/Capstone_Project

Udacity Data Scientist Nanodegree Capstone Project

Primary LanguageHTMLMIT LicenseMIT

Table of Contents

  1. Installation
  2. Project Motivation
  3. File Descriptions
  4. Results
  5. Licensing, Authors, and Acknowledgements

Installation

There should be no necessary libraries to run the code here beyond the Anaconda distribution of Python. The code should run with no issues using Python versions 3.*. Used Libraries:

  • numpy
  • pandas
  • matplotlib.pyplot
  • seaborn
  • progressbar
  • sklearn.preprocessing.StandardScaler
  • sklearn.cluster.KMeans
  • sklearn.model_selection.GridSearchCV
  • sklearn.model_selection.KFold
  • sklearn.preprocessing.MinMaxScaler
  • sklearn.metrics.roc_auc_score
  • sklearn.ensemble.RandomForestClassifier
  • sklearn.ensemble.AdaBoostClassifier
  • sklearn.ensemble.GradientBoostingClassifier
  • IPython.display.clear_output

Project Motivation

For this project, I was interested in using the Bertelsmann data for the Udacity Data Scientst Nanodegree Capstone Project.
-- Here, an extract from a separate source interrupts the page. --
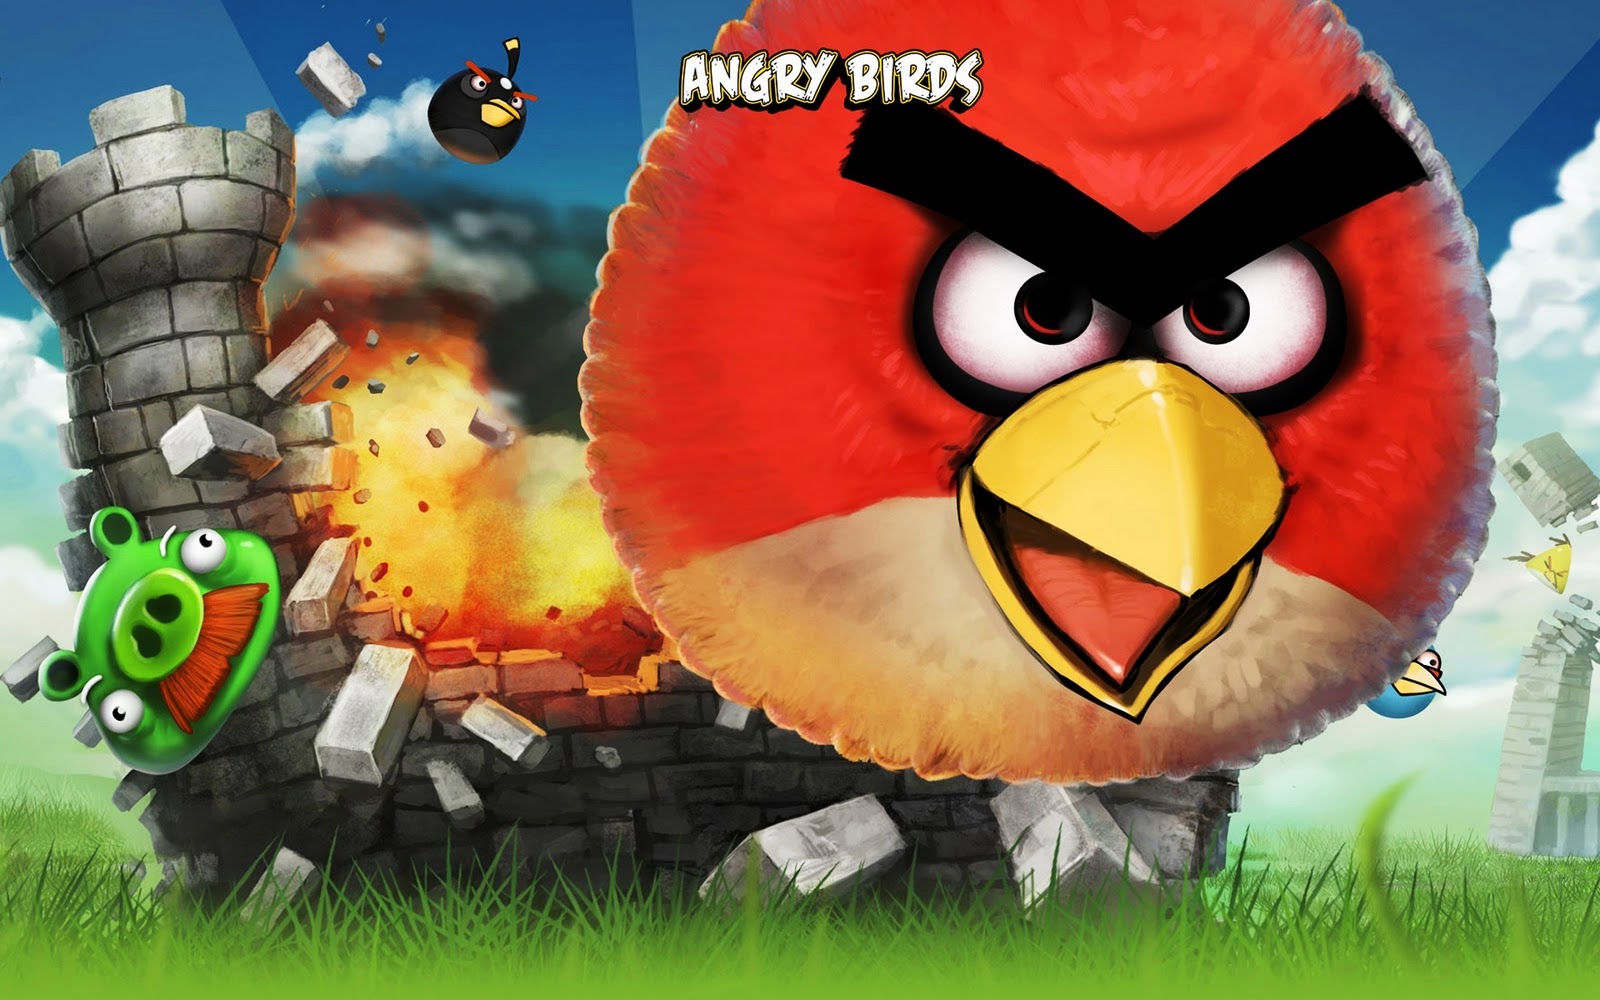 http://1.bp.blogspot.com/-aBqWSIFq9ek/TxjMT9a9bRI/AAAAAAAAFt0/JX0RSgWHnzo/s1600/Angry+Birds+Wallpaper+006.jpg
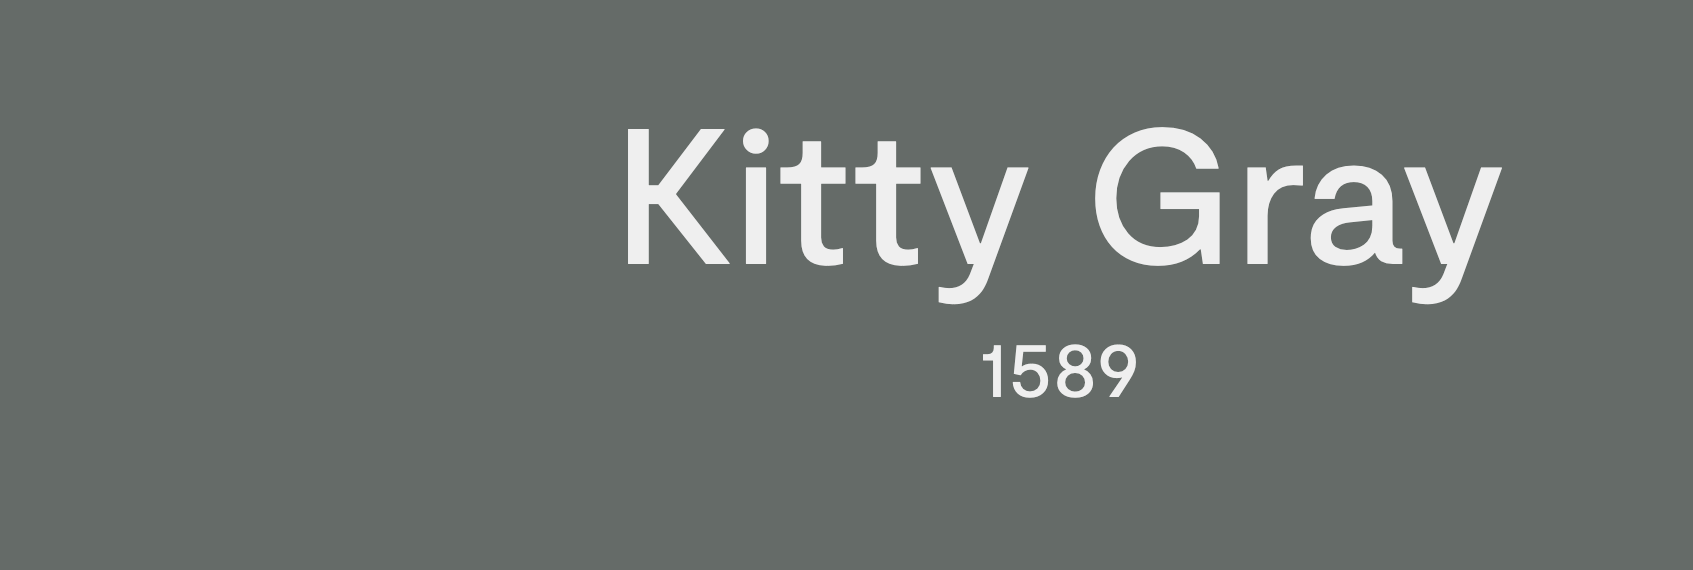 Kitty Gray 1589 - Benjamin Moore - finalizing paint colors

In this Project I will look at the followung points:

  1. How is the data structured and what are the different stastistics of the datas content
  2. Whats the best Customer segmentation
  3. Building a model to find future customers for a mail-order company
  4. Taking part in a Kaggle competition

Furthermore a report was written on Medium

File Descriptions

  • README.md: This readme file
  • Arvato Project Workbook_own.ipynb: The main project file
  • nan_list_altered.tsv: Tab seperated list with descriptions of missing data
  • LICENSE: licence file
  • resources/*: folder with all graphics used for the blog

Results

Findings: While following the predefined structure this project went through different steps and reveled much information which was hidden in the data.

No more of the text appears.